A second line of defence is the best defence
2016 was a year full of headline making outages, ransomware attacks and data breaches for businesses big and small, and it looks as though 2017 will be no different, so businesses need to not only be prepared for an outage, but have a plan in place to maintain critical business operations during this type of event.
While traditional IT security efforts typically focus on creating a perimeter fence, that is no longer enough. There are too many opportunities for hackers to get past these initial defences to not have a well-constructed secondary layer of defence in place.
Every person in an organisation, to some extent, relies on data and applications to do their job, maintain a competitive edge and meet customer demands.
>See also: 4 lessons learned from the Delta’s power outage
A hacker only needs to be right once to gain access to a company’s data, whereas a company has to be secure 100 percent of the time to prevent an attack, and this is very difficult to achieve.
The second layer of defence must include being able to quickly, and as completely as possible, recover critical data using proper tools and processes to help significantly reduce, if not invalidate, the impact of a breach.
Traditional backup is fine, but businesses operate quickly and don’t want to restore operations to how they were yesterday or in some cases even 12 hours before.
But, it is critical to rigorously test a business continuity and disaster recovery strategy to ensure that it is ready to go in a crisis.

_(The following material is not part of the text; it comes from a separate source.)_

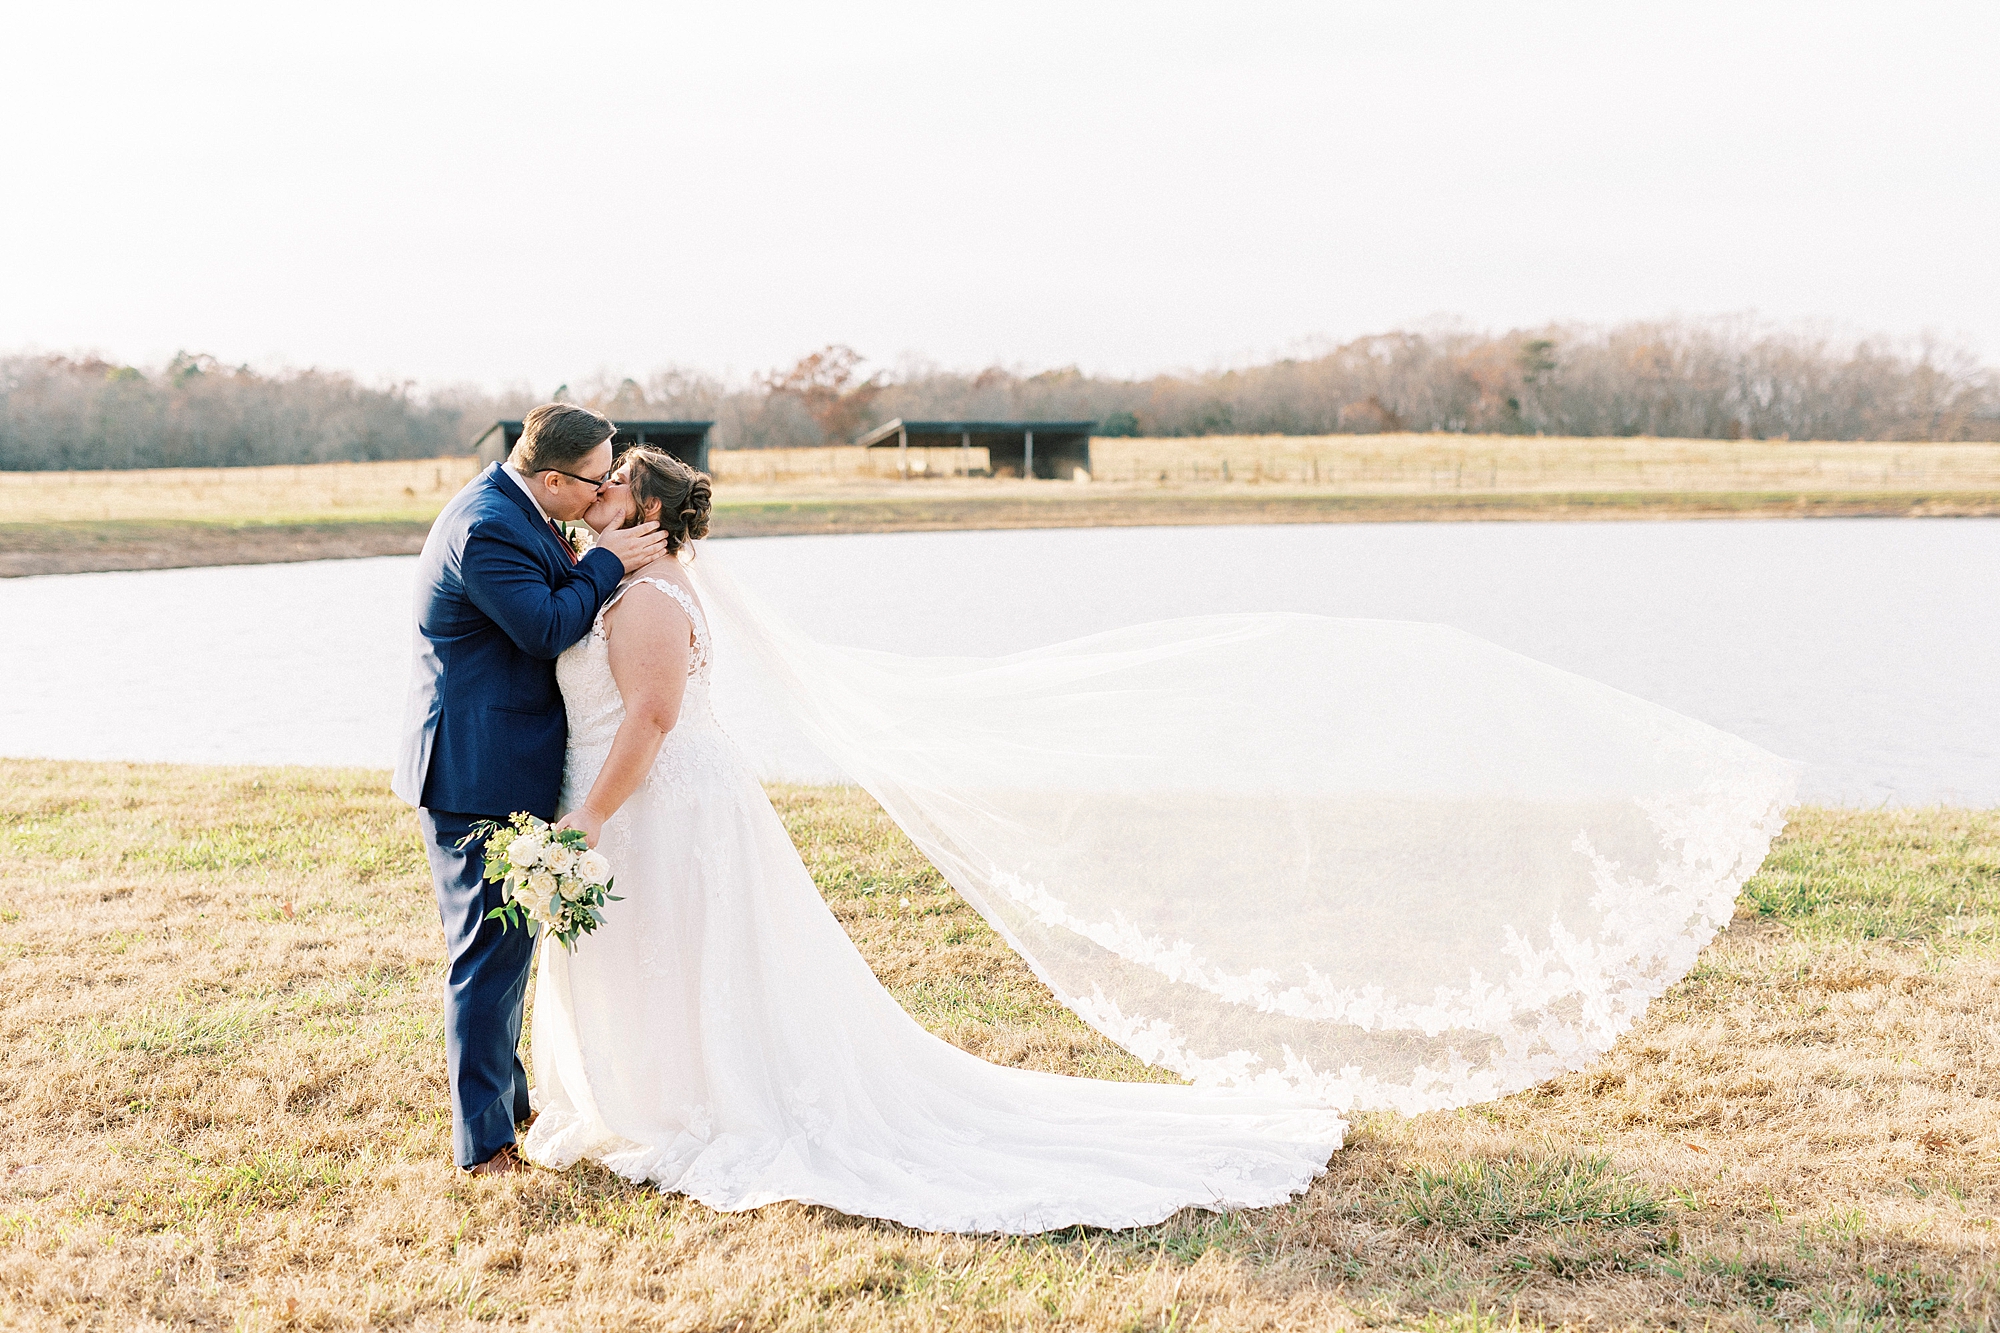 newlyweds kiss with bride's veil floating behind them in front of pond and cows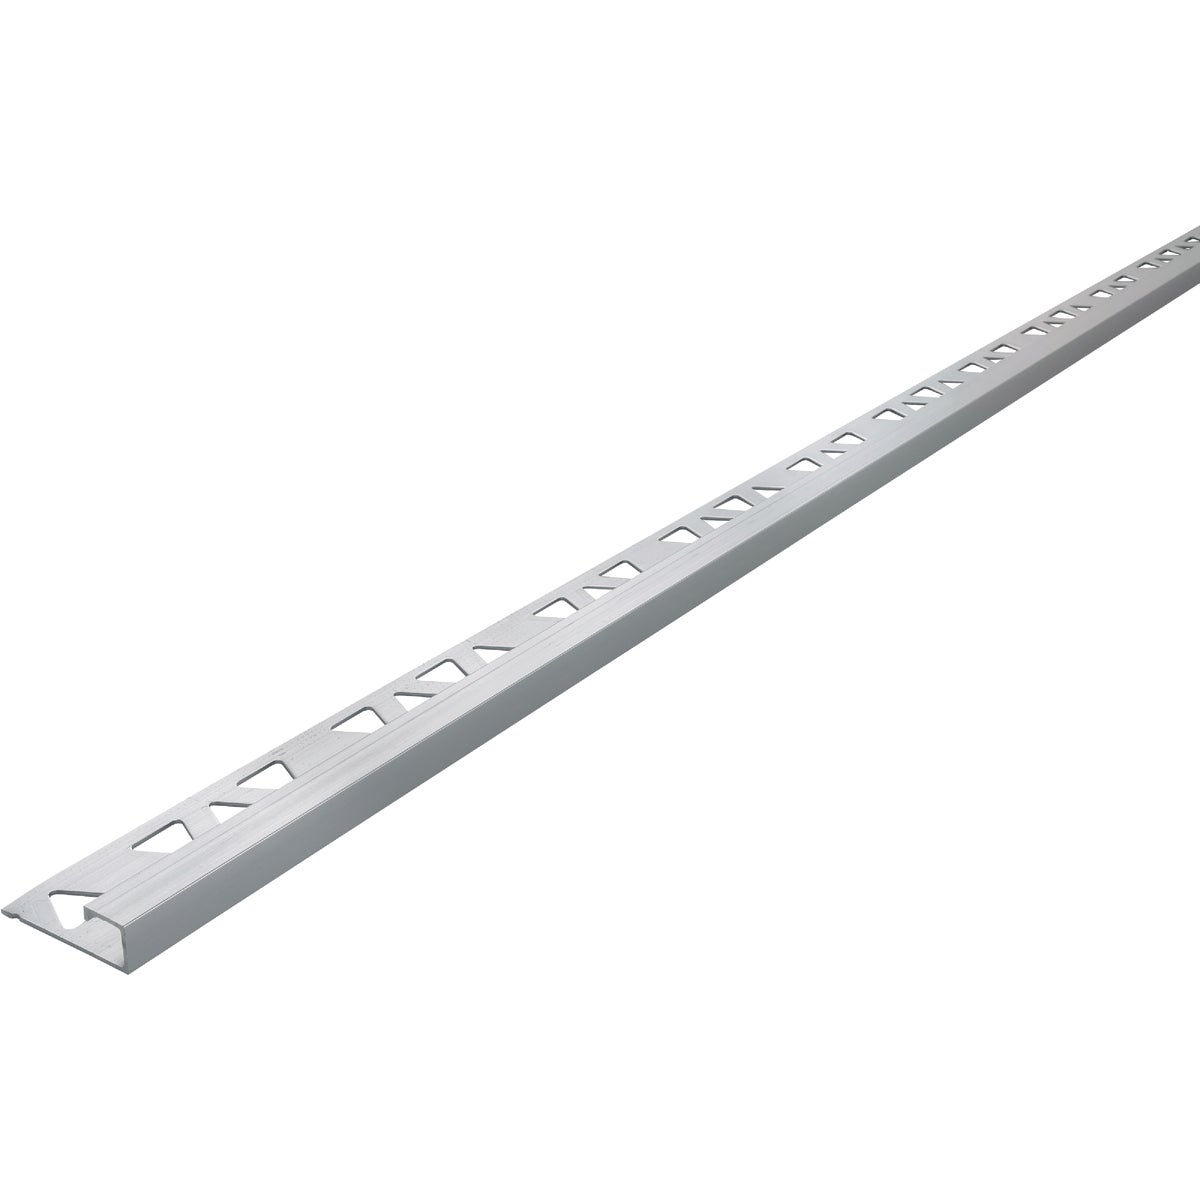 M-D Building Products 3/8 In. x 8 Ft. Bright Clear Bullnose Tile Edging

The strategy needs to go beyond threat detection and prevention to incorporate “after-the-fact” recovery technology with minimal data loss for true IT resilience.
Disaster recovery and cloud go hand in hand
Companies are quickly realising that incorporating a hybrid cloud approach into a disaster recovery strategy, with the right partners in place, can actually be quite simple, affordable and serve as a great entry point to the cloud.
IT teams working in the cloud can anticipate issues and move their data and applications before the damage hits. Proactive movement of data is impossible in a traditional datacenter, but for those organisations embracing a virtual, cloud-ready IT environment, it is a reality.
In the case of a hack or outage that strikes without warning, organisations can react within minutes. Lacking infrastructure dependencies that prevent easy movement, critical applications, including online reservations and flight check-in for airlines, can securely live and move between multiple on-premises and cloud environments.
>See also: How can you make critical I.T. events less critical?
The U.S. government action on United Airlines demonstrates that uninterrupted IT is clearly top of mind for law makers and should be for compliance-heavy industries like air travel, healthcare and financial services.
Each time a data centre or IT disaster takes over headlines, CIOs and IT professionals everywhere shudder. The IT industry cannot continue ignore downtime plaguing others and assume it will never happen to them.
Looking back on these predictable but often avoidable moments, the IT community can break the cycle but only if they are ready to revisit their infrastructure solution stack and disaster recovery strategies so their organisation does not become a breaking disaster headline.